On that cold December day 13 years ago at St. Paul Lutheran Church in Garner, Iowa, our youth group gathered together a few hours after my friend’s funeral to bake Christmas cookies and to reflect on what had happened in the last few days. We talked about our Gospel reading we’ve been discussing today, and that’s when one of the other members of the youth group said to our Pastor, “Pastor, I get it. Christmas isn’t about getting or giving the right gift, it’s about the baby in the manger, how he prepared a place for us in heaven, and today, Doug can see what that gift is all about!” That Christmas, I learned what Christmas was all about. Yes, it is about gifts, but in the end, only one gift matters. Over the years, Freda probably gave many of your gifts, and you may have given her one too. Those gifts probably eventually wore out, or got broken, or needed to be replaced.
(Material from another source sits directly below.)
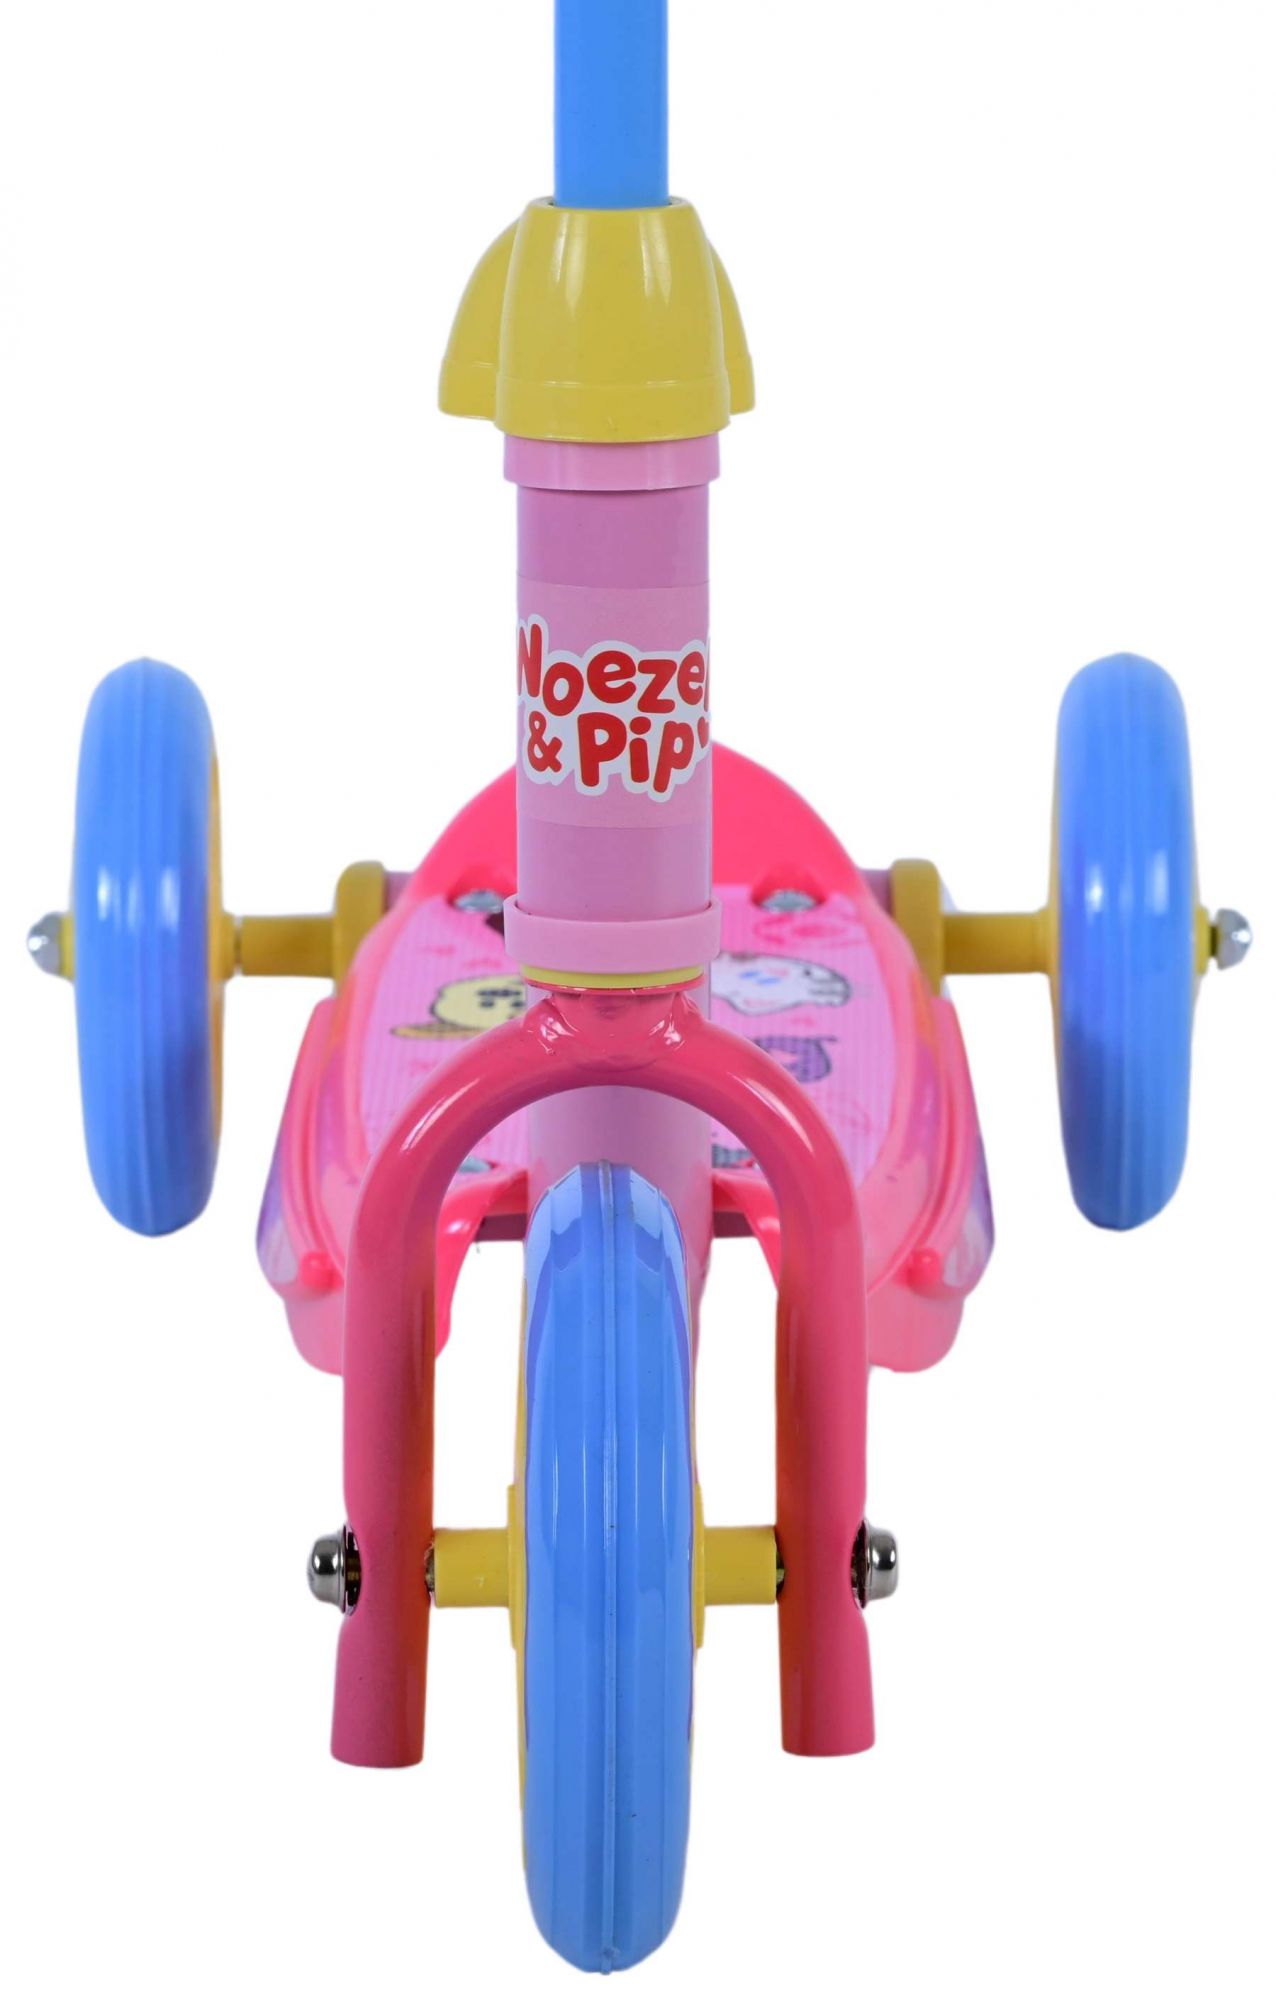 Woezel & Pip Scooter für Mädchen Kinderrad in Rosa Blau Gelb

Things in a sinful, fallen world do that. Nothing lasts forever. However, on Christmas, God saw we needed a Savior, and He gave us the one gift that never comes in the wrong size, never gets snagged on a filing cabinet and becomes unraveled, never comes with instructions in the wrong language, or breaks after a while. He gave us His Son, to live, die, and rise again for us. Just as Christ provided that gift to my high school friend that December of 1994, he did so again this past Friday for Freda. It is my hope and prayer that as you share your memories of Freda with each other, that you will remember the most important thing of Christmas, that Your Savior took on human flesh to live, die, and rise again so that one day, you can say with Job in our Old Testament reading “And after my skin has thus been destroyed yet in my flesh I shall see God whom I shall see for myself, and my eyes shall behold and not another.” In the midst of your sorrow and grief, may the faith that Freda held so dear in her life, be your comfort and strength today, on Christmas Day, and always. Amen.